_Assignment_
Only the lines below from the one with "Beautiful happy female" through the one with "Artistic grey printed" are to be written out, exactly and without any images.

_Information supplied_
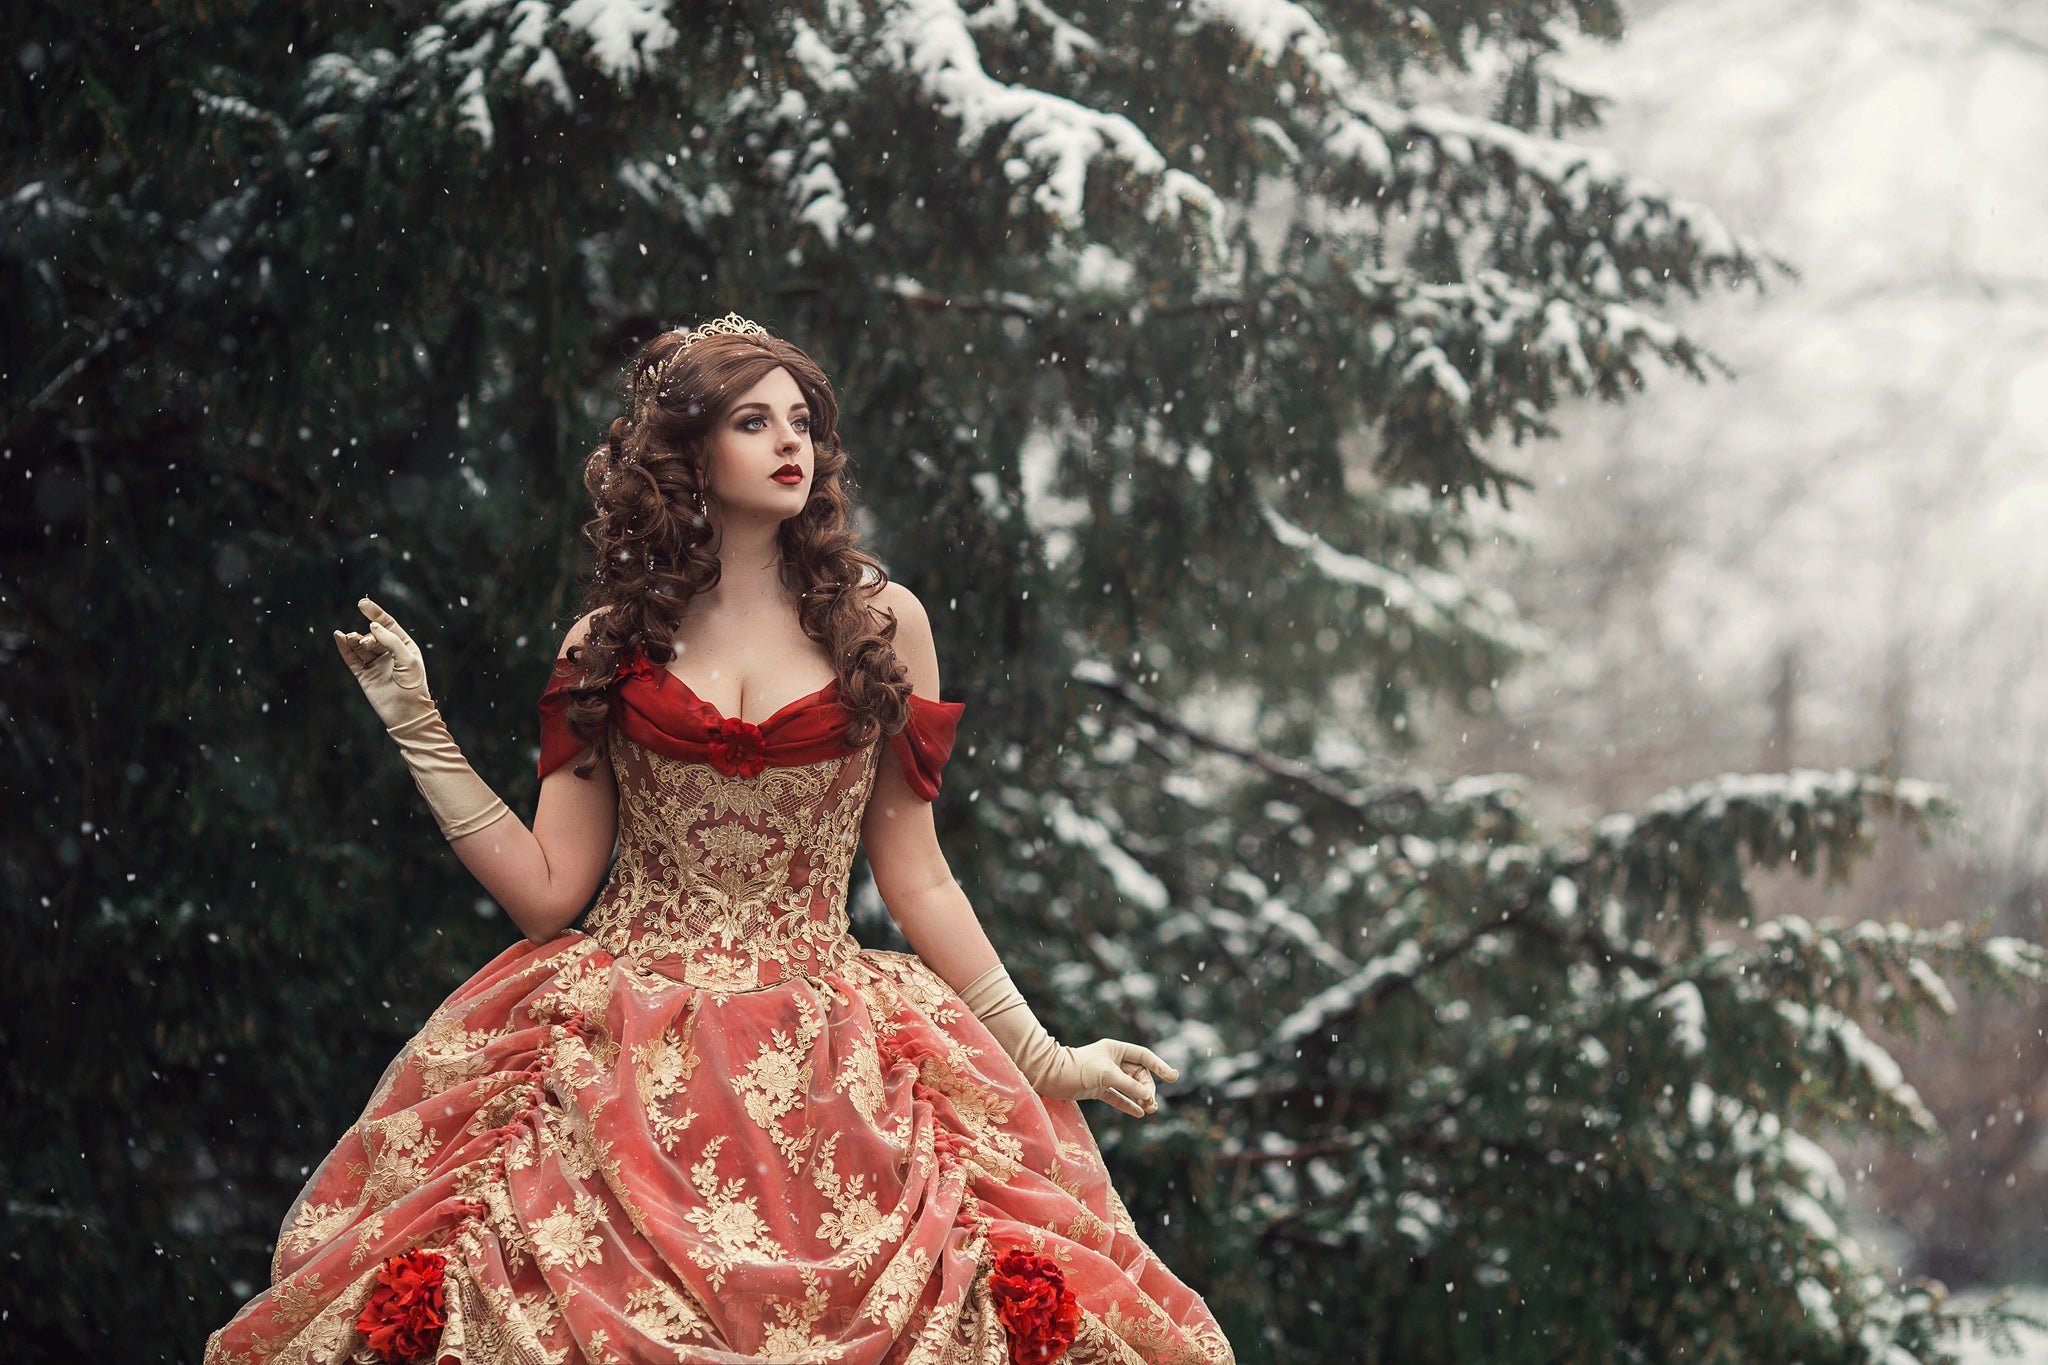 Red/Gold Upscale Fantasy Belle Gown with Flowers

--

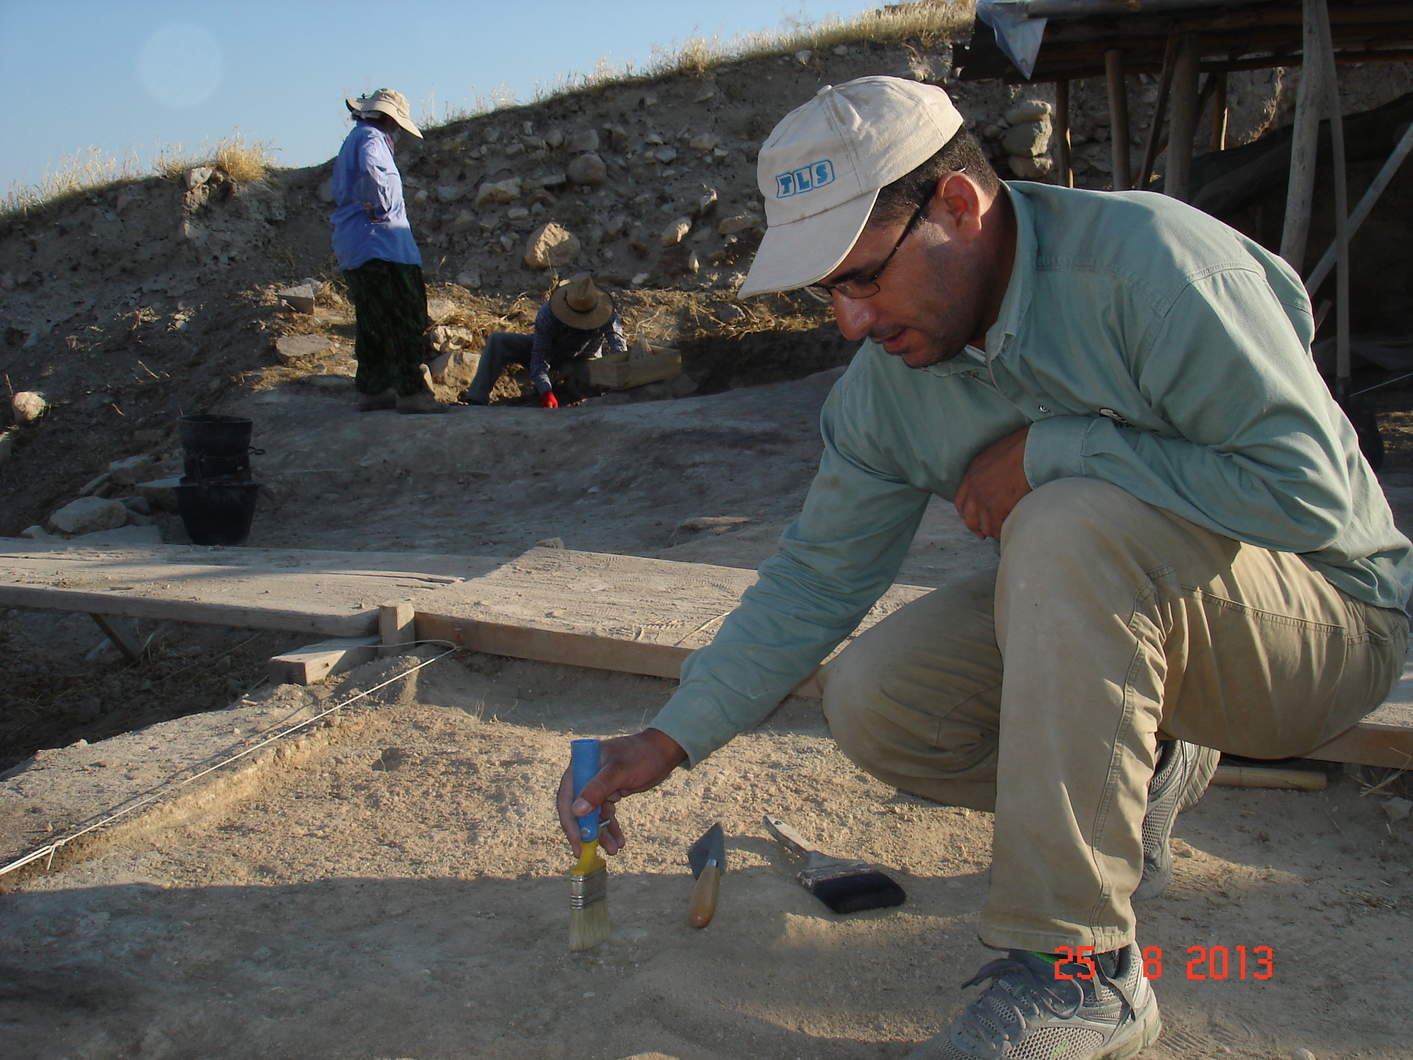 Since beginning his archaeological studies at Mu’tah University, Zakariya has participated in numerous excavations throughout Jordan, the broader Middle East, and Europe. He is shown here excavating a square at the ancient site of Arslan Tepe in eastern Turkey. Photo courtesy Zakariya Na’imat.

* * *

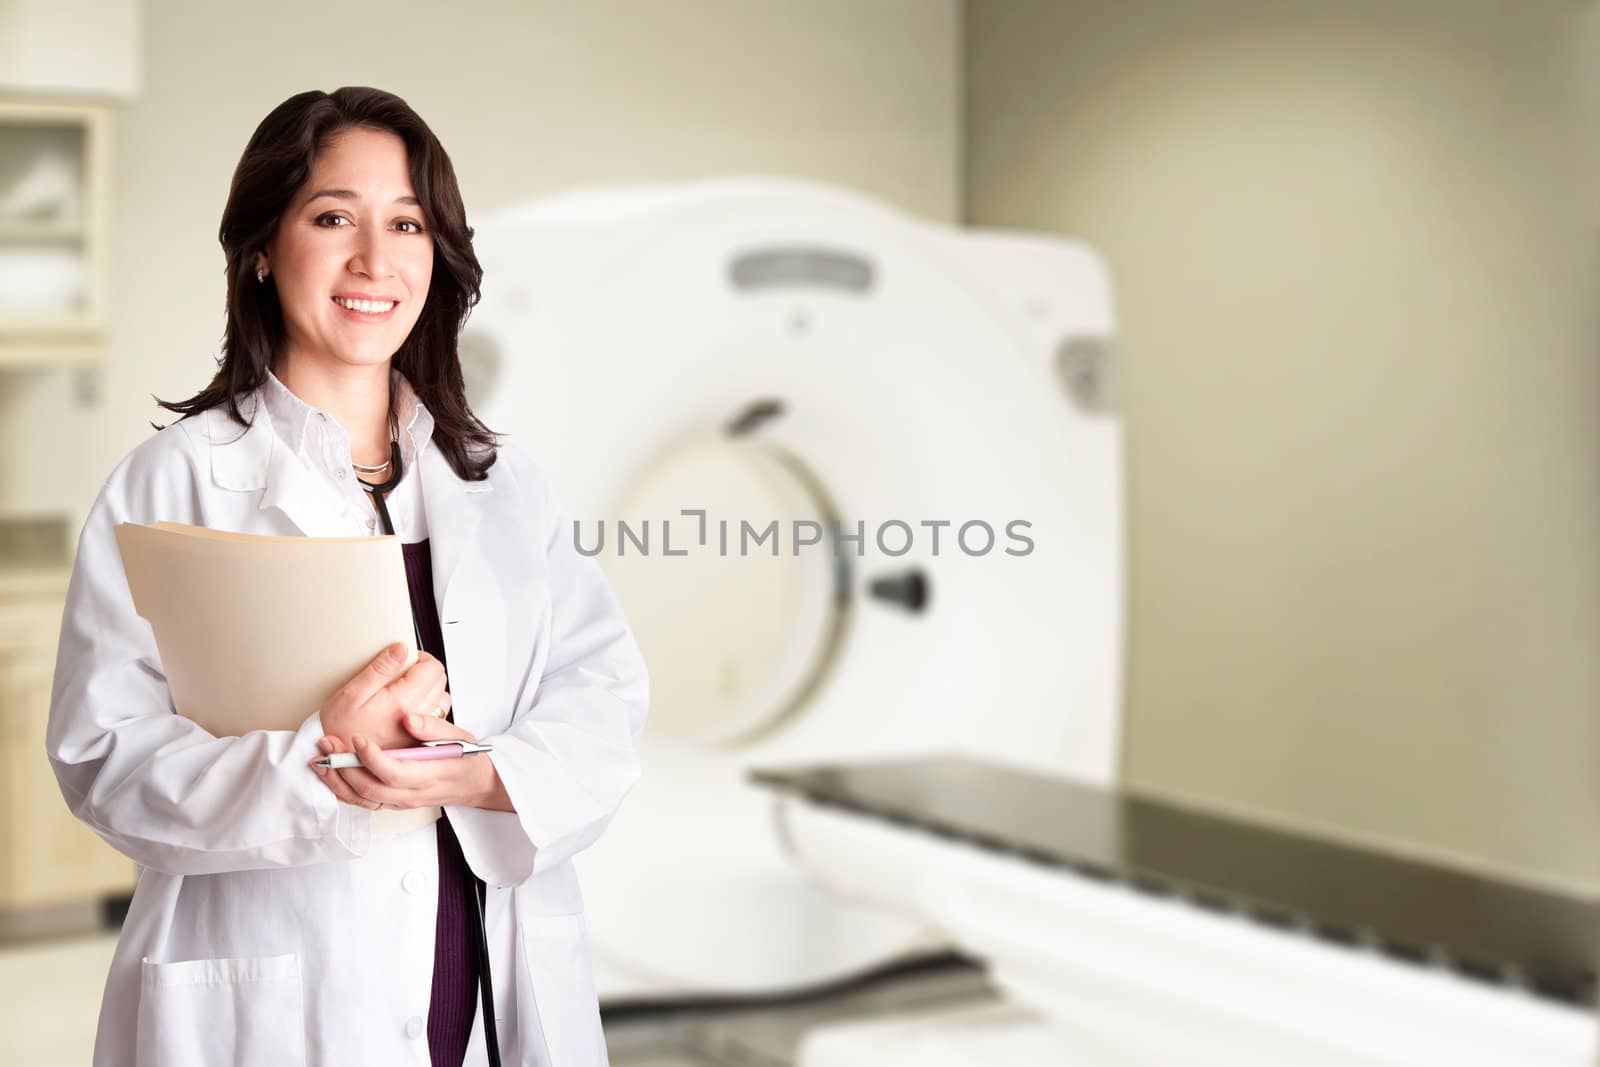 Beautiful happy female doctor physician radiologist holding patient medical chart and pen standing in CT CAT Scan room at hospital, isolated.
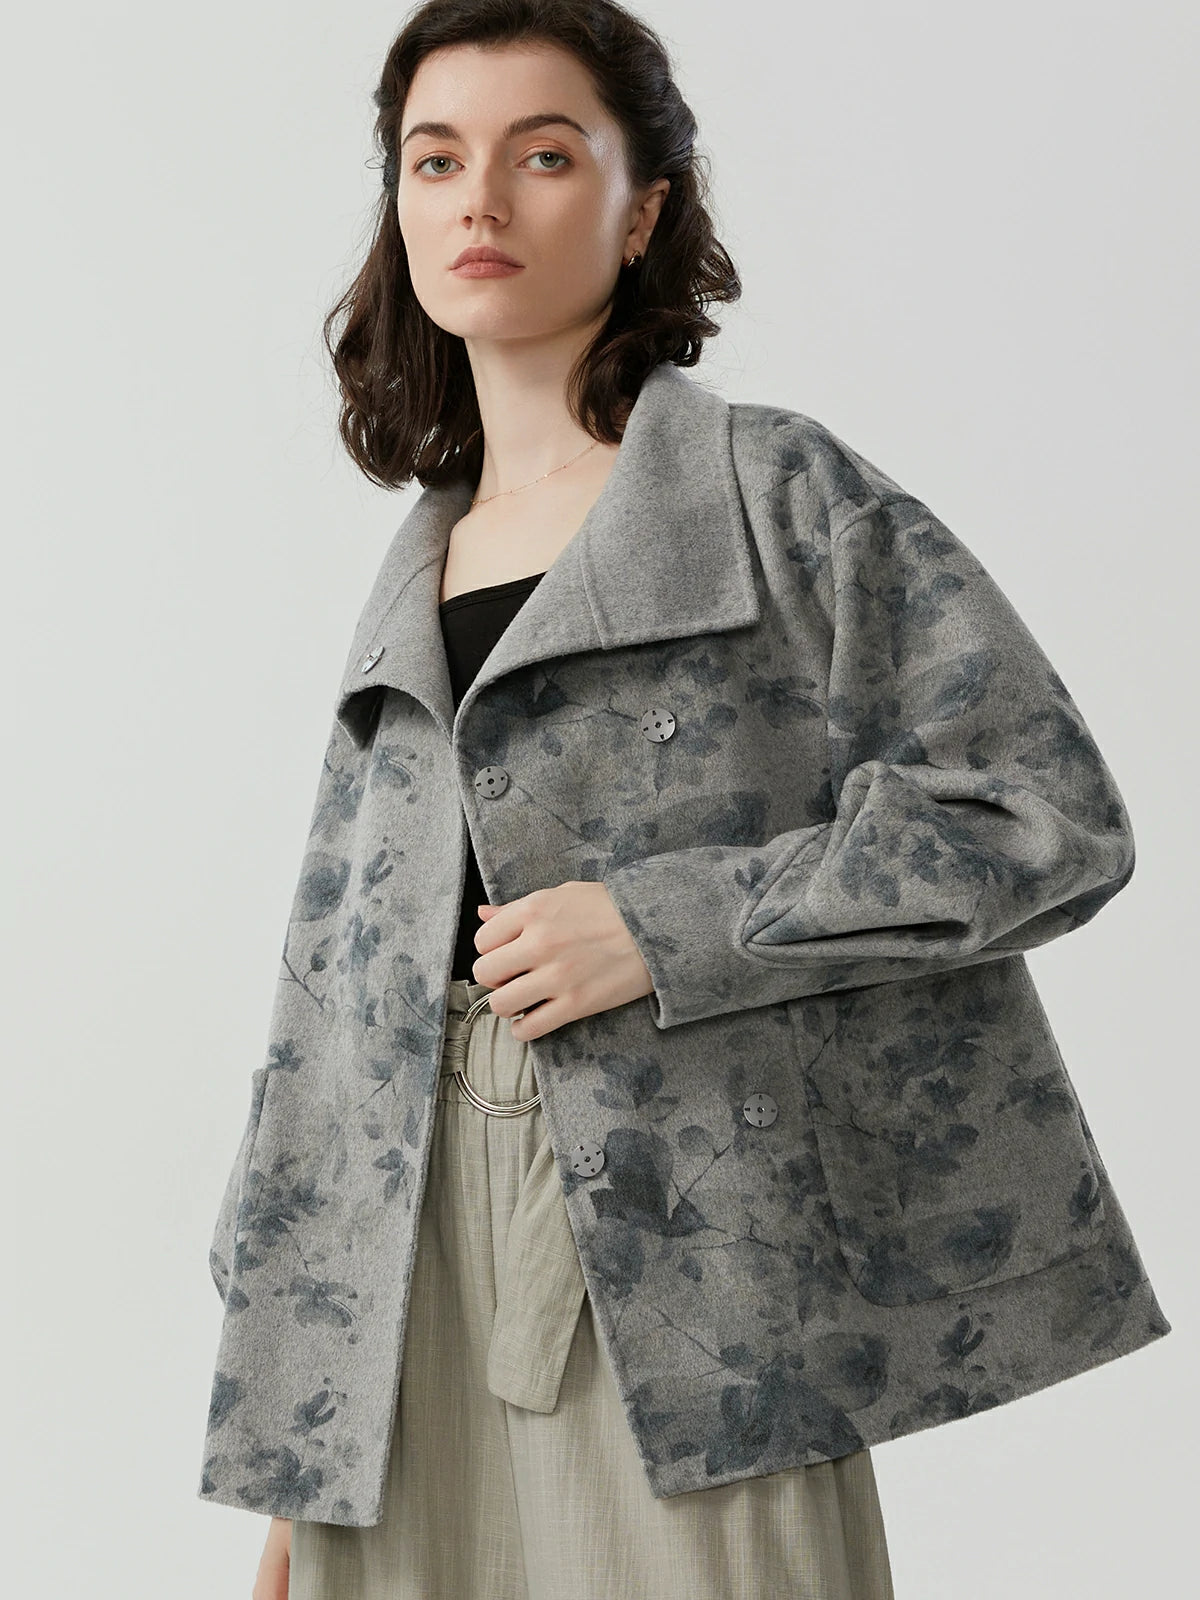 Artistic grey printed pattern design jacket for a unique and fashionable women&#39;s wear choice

_Answer_
 Beautiful happy female doctor physician radiologist holding patient medical chart and pen standing in CT CAT Scan room at hospital, isolated.
 Artistic grey printed pattern design jacket for a unique and fashionable women&#39;s wear choice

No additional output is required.